Hysteretic energy is defined as energy dissipated through inelastic deformations during a ground motion by the system. It includes frequency content and duration of ground motion as two remarkable parameters, while these characteristics are not seen in displacement spectrum. Since maximum displacement individually cannot be the appropriate criterion for damage assessment, hysteretic energy has been evaluated in this research as a more comprehensive seismic demand parameter. An innovative methodology has been proposed to establish a new equivalent linear model to estimate hysteretic energy spectrum for bilinear SDOF models under two different sets of earthquake excitations. Error minimization has been defined in the space of equivalent linearization concept, which resulted in equivalent damping and equivalent period as representative parameters of the linear model. Nonlinear regression analysis was carried out for predicting these equivalent parameter as a function of ductility.
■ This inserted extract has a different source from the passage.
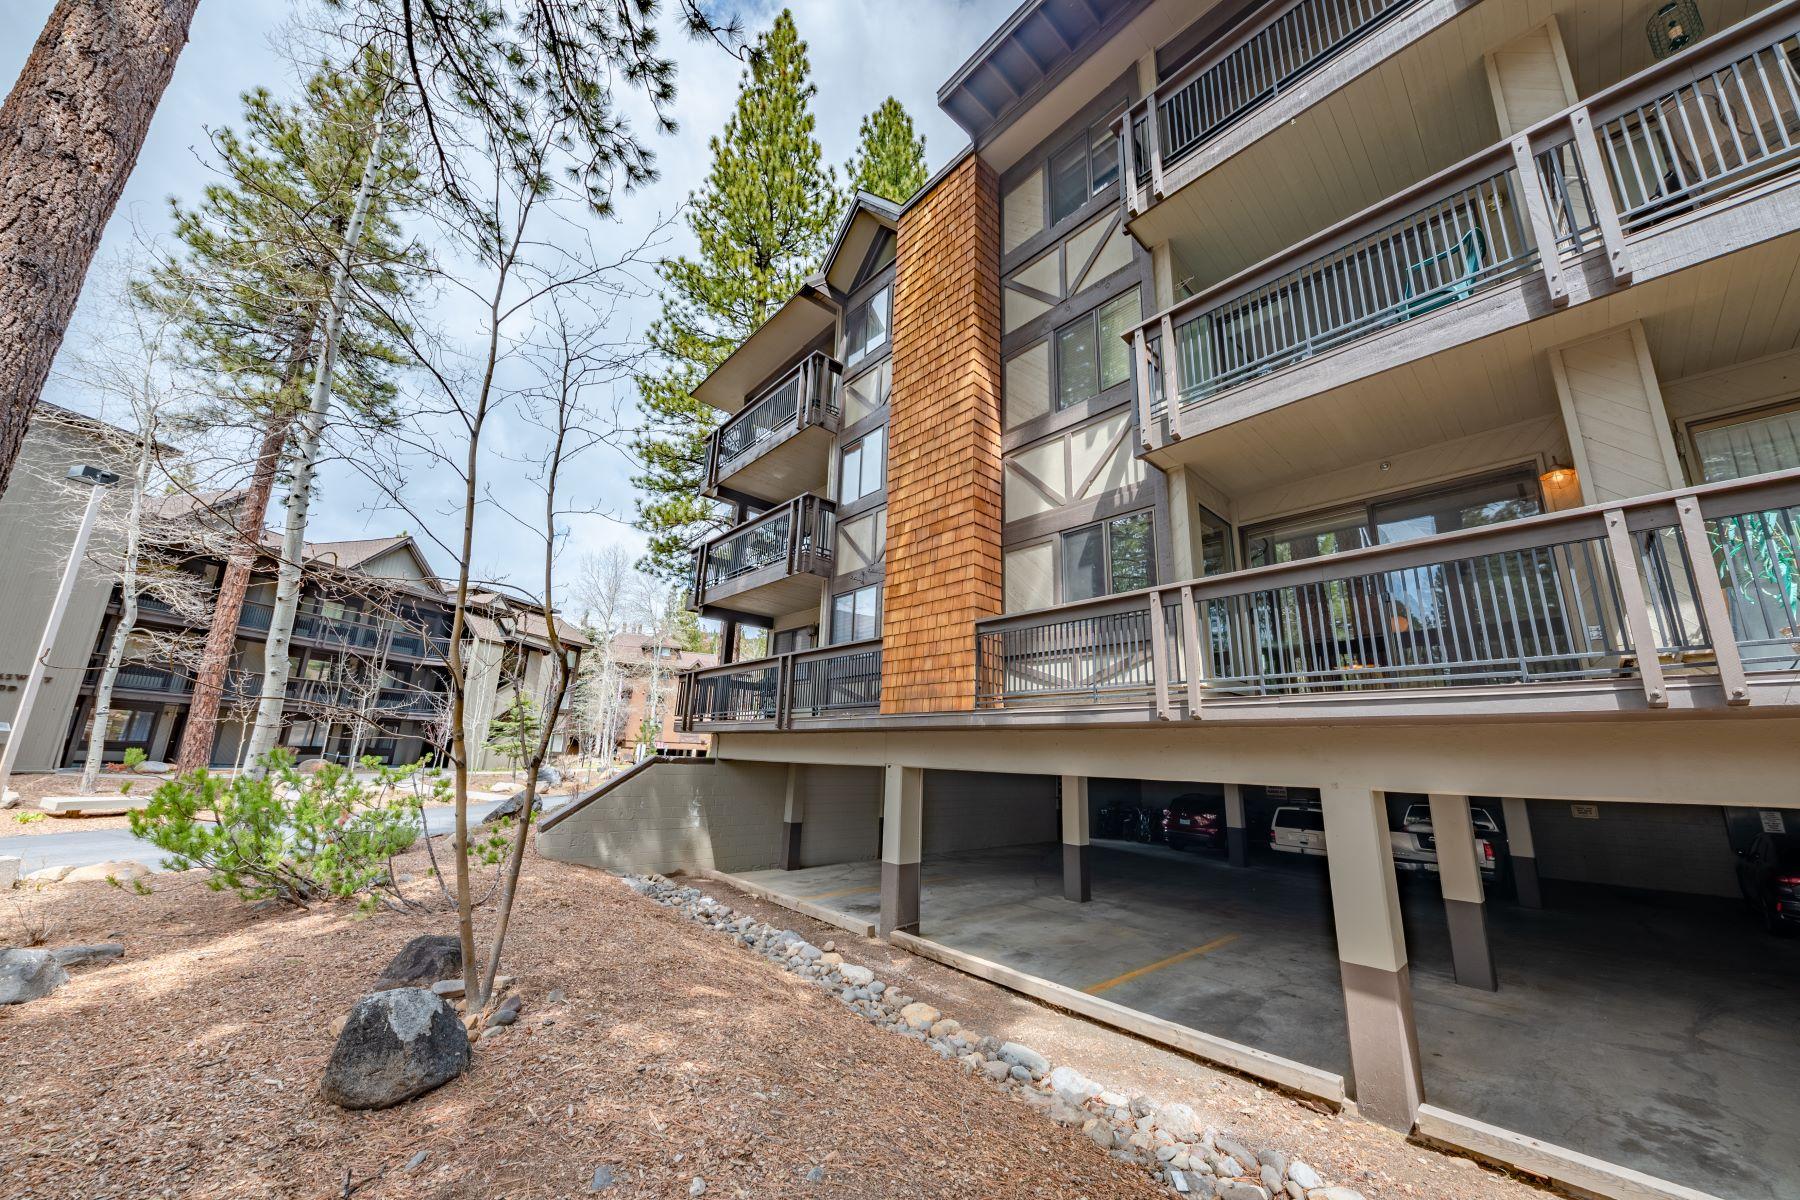 Additional photo for property listing at Ski Way Ridge Opportunity 333 Ski Way  #254 Incline Village, Nevada 89451 United States

The results also indicate differences between seismic demand characteristics of far-field and near-field ground motions, which are not identified by most of previous equations presented for predicting seismic energy. The main advantage of the proposed model is its independency on parameters related to earthquake and response characteristics, which has led to more efficiency as well as simplicity. The capability of providing a practical energy based seismic performance evaluation is another outstanding feature of the proposed model.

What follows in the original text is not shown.